While you are searching, keep track of the last node
visited at each level so that you can update their links after
the insertion. Before you insert the key, you have to decide at
which levels to insert it (note that every key must be inserted
at level 0). You do this by generating a random number between
0 and 1. If the value is less than 0.5, stop. If the value is
equal or greater, go up an additional level and insert the key.
This generates another random number and repeats the process.
The random number generation is implemented
in __randomLevel()
(but uses a
probability of 0.25 instead of 0.5) in Figure 1, and the
insertion process is implemented
in put()
.
Skip lists can become relatively deep, but the
probablistic nature of the balancing makes it unlikely. You can
set a cap on the depth to keep small lists shallow. The maximum
level should be set so that the expected number of elements at
the maximum level is 1. If the probability for level skipping
is p, then the maximum level is
log1/p(n). The example driver in Figure 2
sets n to 220
and p
to 1/4, making
the maximum level equal to 10. Deletions work in much the same
way as insertions, as shown in
the remove()
method from
Figure 1.
Performance
Figure 2 contains a driver program that tests
the SkipList
class from Figure 1,
comparing its performance to TreeMap
. The
test is unscientific and should really explore a range of values
for both NUM_LEVELS
and NUM_ELEMENTS
. Nonetheless, it is good
enough to get a rough picture of skip list behavior.

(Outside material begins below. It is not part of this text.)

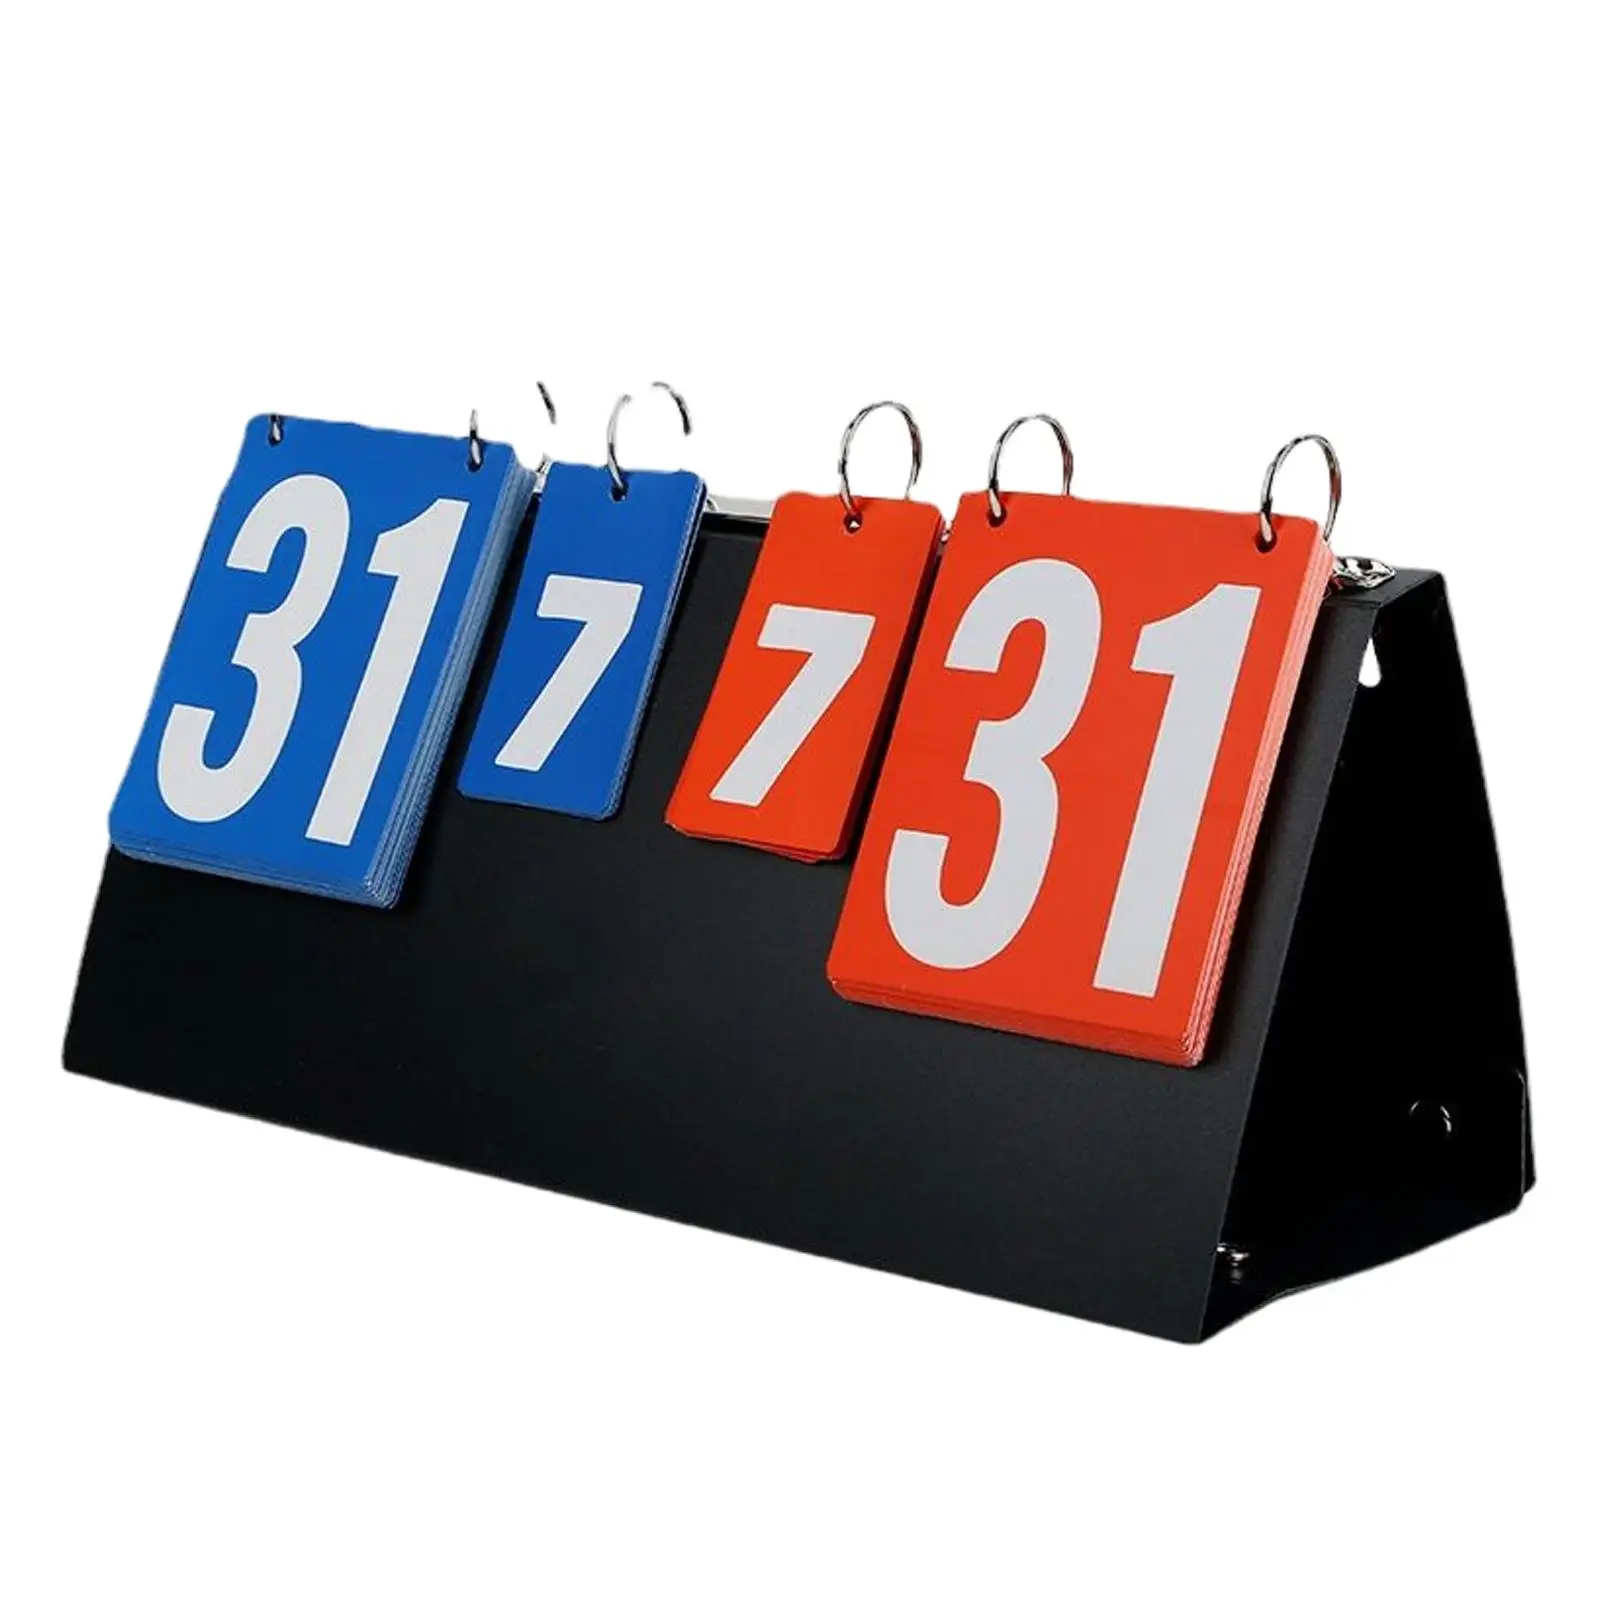 4 digits Score Board Score Keeper Competition Tabletop Scoreboard for Basketball

If you run the driver, you will find that for large numbers
of elements, the SkipList
class takes
roughly twice as long as TreeMap
to perform
insertions, deletions, and searches. Insertions take longer
because of the time spent generating random numbers. Both
insertions and deletions suffer because they have to maintain
the __update[]
array and index into an array on
every call to getNext()
. Array indexing
incurs a higher cost than accessing a left or right child in a
tree because of run-time array bounds checking. All of the
operations suffer from the extra comparisons required when
traversing a skip list. Even though both skip list and tree
searches are O(log2(n)), the constant factors associated with skip
list searches in Java are greater.
Straight-up in-order list traversal—the primary reason
for using an ordered mapping—is comparable in both
situations. You would expect it to be more efficient in a skip
list because all you have to do is follow all of the links at the
lowest level, whereas a tree requires you to perform potentially
costly comparisons. Array indexing again appears to be the
culprit. For smaller numbers of
elements, SkipList
is more
competitive.
One of the reasons advocated for using skip lists is that they are easier to implement. I find that they are no easier to implement than red-black trees. They also require more storage, which is generally undesirable. Even so, their worst-case performance is independent of the data they store. If you enter sorted data in sequence to a binary tree (not a red-black tree), it degenerates to a linear linked list. With a skip list, your performance is protected by the probabilistic nature of the link construction. Some of the alternatives to skip lists and red-black trees are AVL trees, splay trees, and 2-3 trees. The red-black tree was perhaps the best choice for implementing a general-purpose ordered mapping for the core APIs, but Java makes a capable playground for exploring the alternatives.